Başbakan Ahmet Davutoğlu, 2010 yılı KPSS’sinde usulsüzlük yapıldığı haberlerine ilişkin, "Çalınan sorularla elde edilen makamlar aynen GDO’lu ürünler gibidir. İşte, bizim tam da paralel çete dediğimiz husus bu" dedi.
Başbakan Ahmet Davutoğlu, Gıda, Tarım ve Hayvancılık Bakanlığı Biyoteknoloji Araştırma Merkezi açılış töreninde yaptığı konuşmada, "Bugün heyecan verici bir projenin tamamlanmasının mutluluğunu yaşıyoruz. Heyecan verici dedim çünkü 12 yıllık iktidarımız döneminde Türkiye ekonomisinin asli merkezi olan tarım sektörümüzde olağanüstü adımlar attığımız bir banka. Dün, Konya fuarında konuşurken inşallah dünyanın ilk 3 tarım merkezi haline geleceğiz. Dünyanın coğrafi bakımından insanlık tarihinin tarımsal merkezi olan bir coğrafyada bulunuyoruz. Bu, bize büyük bir nimettir. Bu coğrafya stratejik birçok risk getirmenin yanında farklı iklim şartlarıyla yetişen son derece zengin doğal kaynaklara sahip. 62. hükümeti kurarken, 12 yıllık büyük ekonomik başarının üstünde şimdiki hedefimizin bu ekonomik başarının niteliksel dönüşümünü sağlamak olduğunu ifade etmiştim. Ne kastediyoruz; teknolojik alanda bir başka düzleme çıkarak ekonomiyi büyütmek. Şimdiye kadar niceliksel büyümenin çoğu var olan paradigmanın içinde atıl kapasitesinin kullanımı ve bunun verimli bir şekilde üretime dönüştürülmesiyle sağlanıyor. Bütün programlarımızda 12 yıl içinde bu niteliksel dönüşümü öngörerek 2023 hedeflerini belirledik. 2023 hedeflerine giderken ekonominin genelinde ve tarımsal niteliksel dönüşümün ana odağı Ar-Ge çalışmaları ve teknolojik yeniliktir. Büyük bir gurur duyuyorum" ifadelerini kullandı.
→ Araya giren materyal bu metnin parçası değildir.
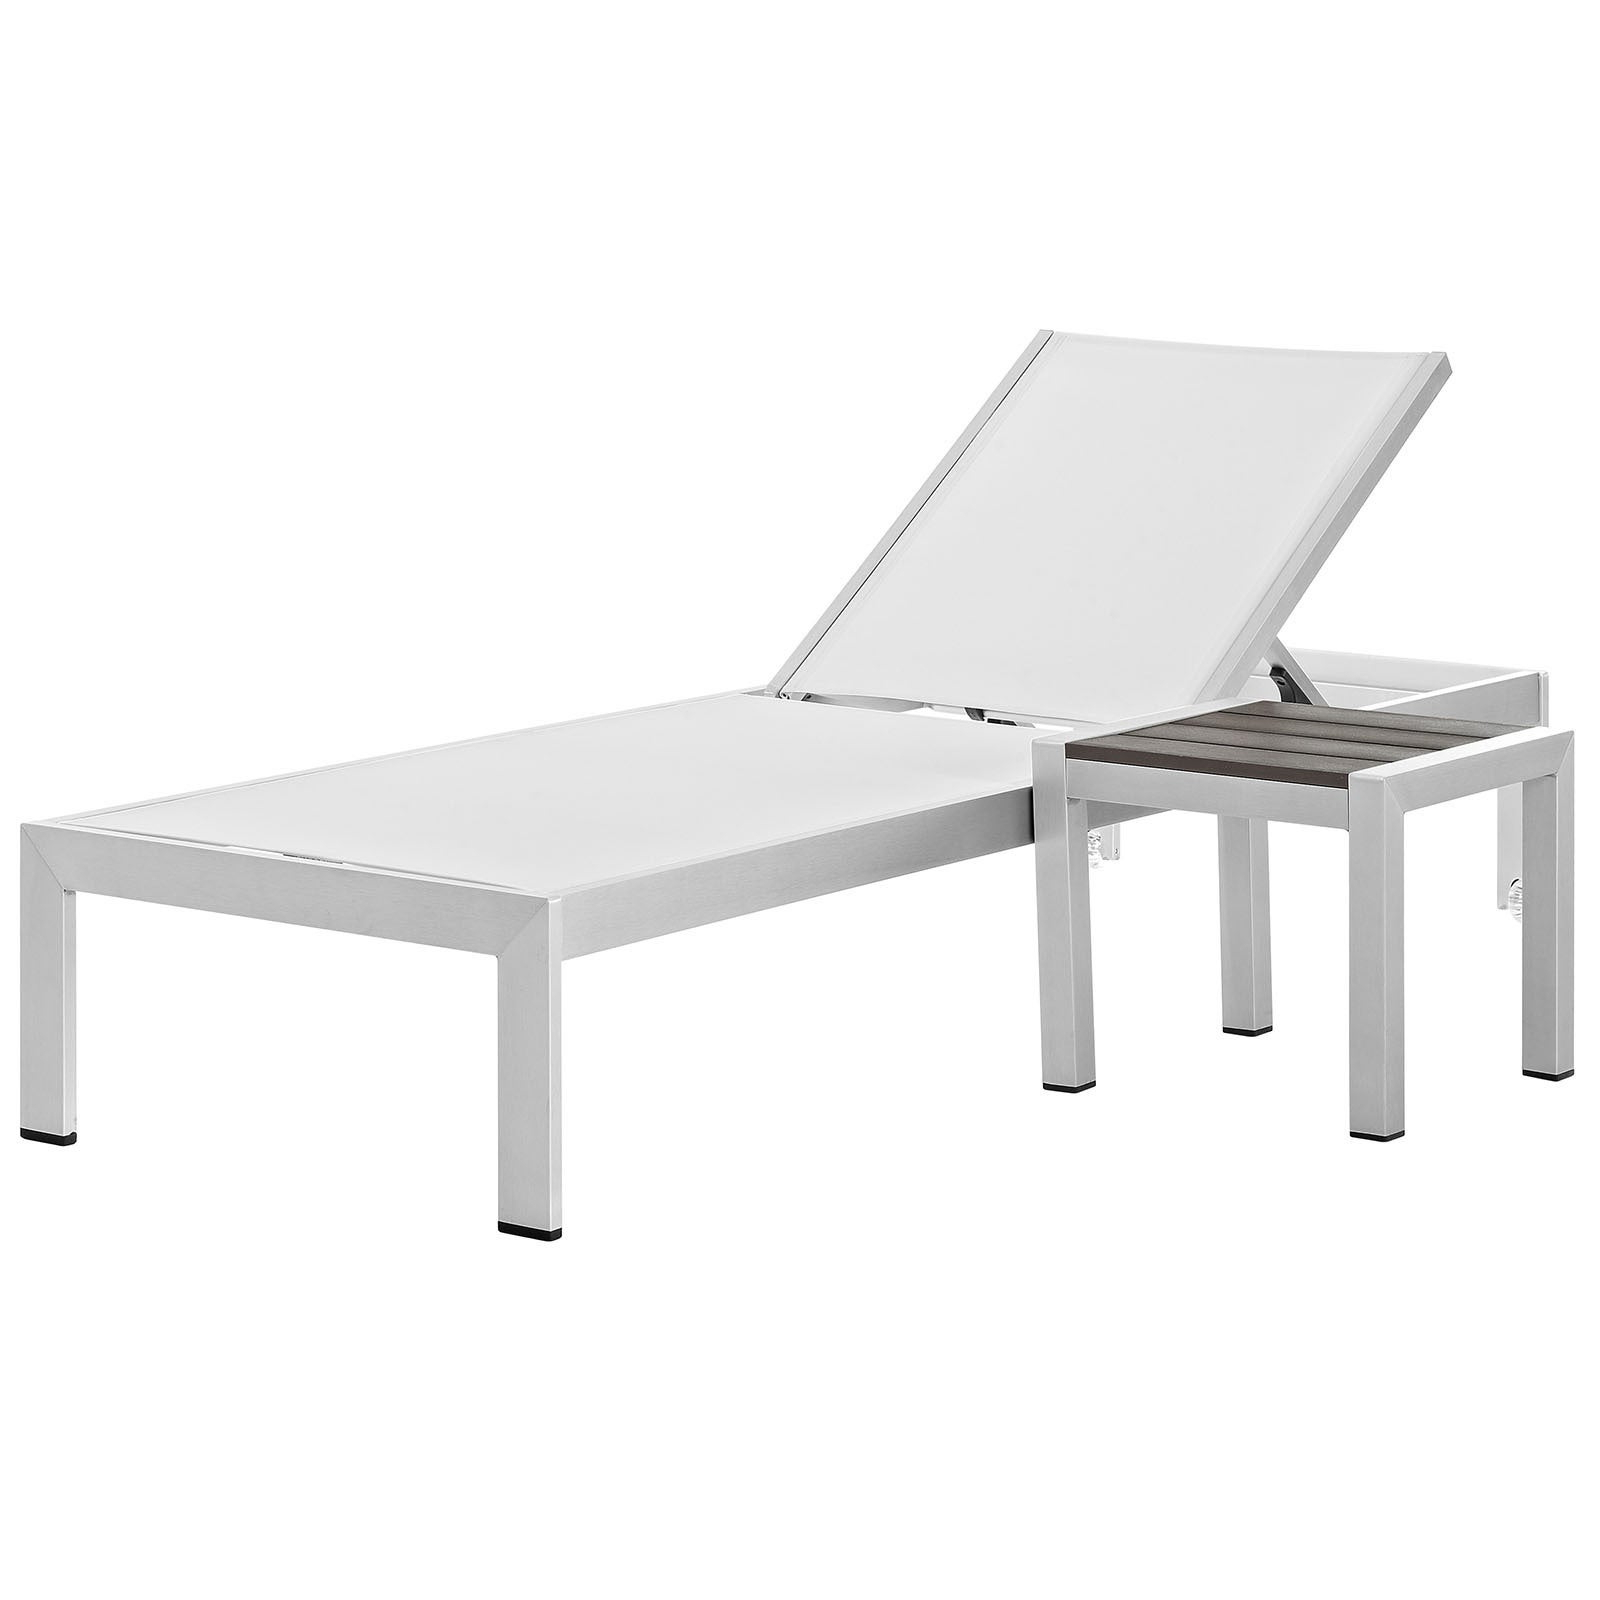 Most Recent Shore Aluminum Outdoor Chaise Set Of 2 Inside Shore Aluminum Outdoor Chaises (View 4 of 25)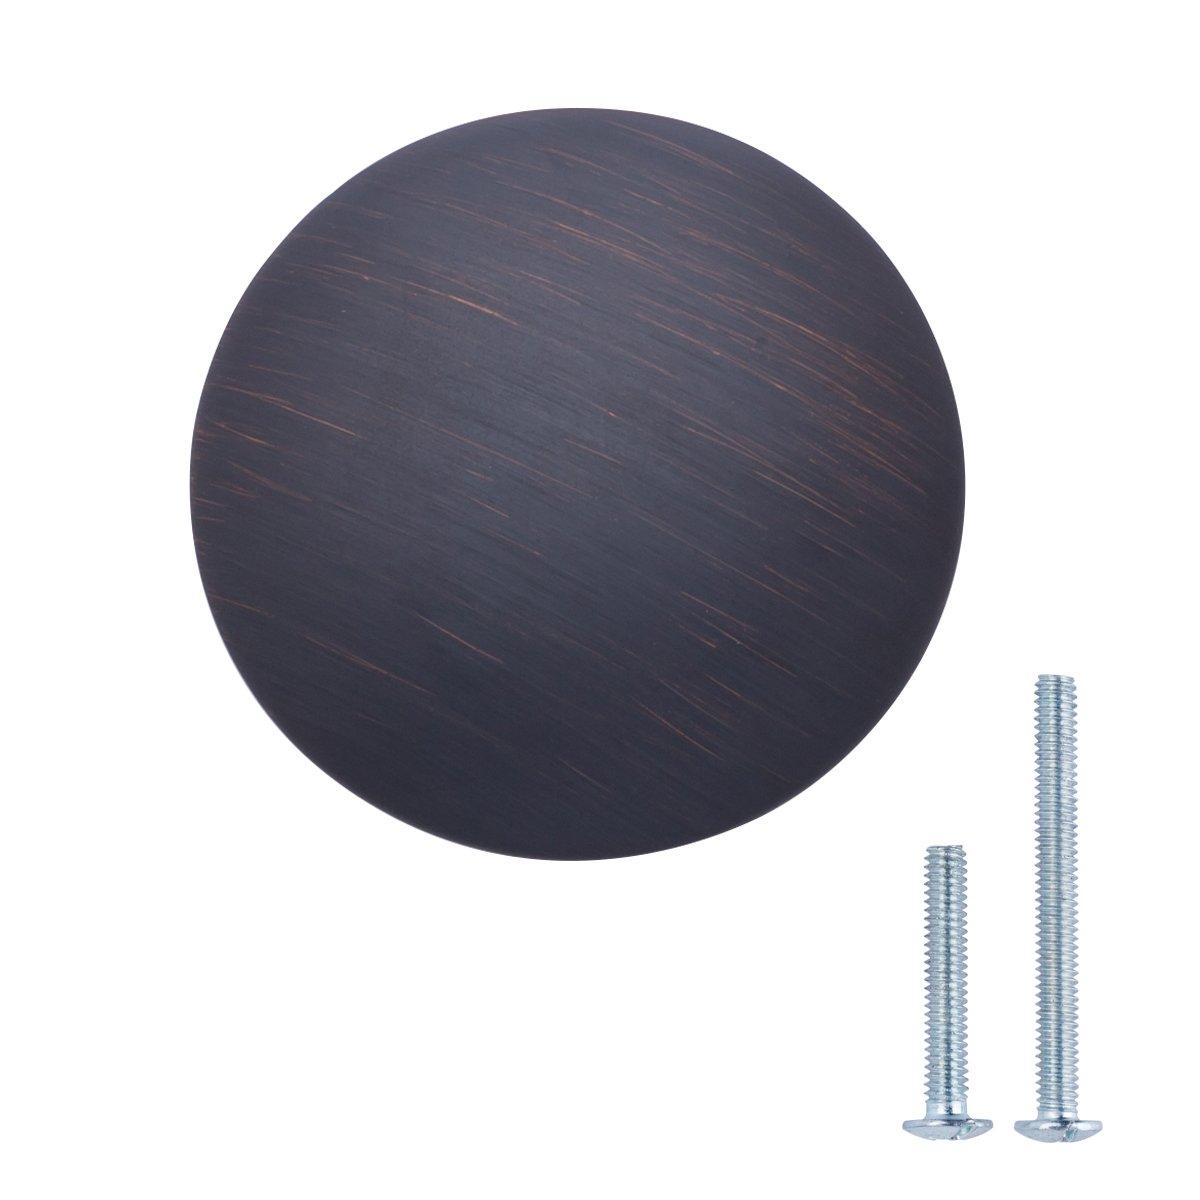 AmazonBasics Round Cabinet Knob, 1.18'' Diameter, Oil Rubbed Bronze, 10-Pack

TARIMIN ÖNEMİNE VURGU YAPTI
Son bir hafta içinde savunma sanayi ve tarımda üç büyük Ar-Ge merkezinin açılışını yaptığını belirten Davutoğlu, "Savunma sanayi ne kadar önemliyse onun kadar önemli olan alan ise tarım sektörüdür. Tarımsal üretim olmadan sabahleyin bilgisayar olmazsa güne başlayabilirsiniz, akşam bilgisayar olmadan da uyuyabilirsiniz ama sabah kahvaltı yapmadan güne başlayamazsınız, akşam yemeği yemeden 3 gün-2 gün dayanabilirsiniz ama dördüncü gün vücut iflas eder. O zaman öyle bir tarımsal zemine sahip olacaksınız ki bu tarımsal alan ülkenin geleceğini de teminat altına alacak. Tarım sadece ekonomik bir sektör değildir, tarım varoluşsal bir sektördür. Onun için de tarım alanında bazen yürütülen stratejik mücadeleler gözardı ediliyor ve zannediliyor ki tarım geleneksel bir sektördür, tarımda çalışanlar geleneksel kırsalda yaşayan köylülerdir. Tarım geleneksel bir sektördür, hayır. Tarım şuanda küreselleşmenin süregitmekte olan varoluş mücadelesinin ve stratejik savaşların en temel sektörüdür. İklim değişiklikleri, bundan kaynaklanabilecek riskler ülkeler için o kadar önemli ki, su konusu ülkeler için o kadar önemli ki. Bunları kaybettiğinizde sadece geleneksel sektörde gerilemiş olmazsanız. En küresel sektörde de büyük rekabet gücü kaybına uğrarsınız" dedi.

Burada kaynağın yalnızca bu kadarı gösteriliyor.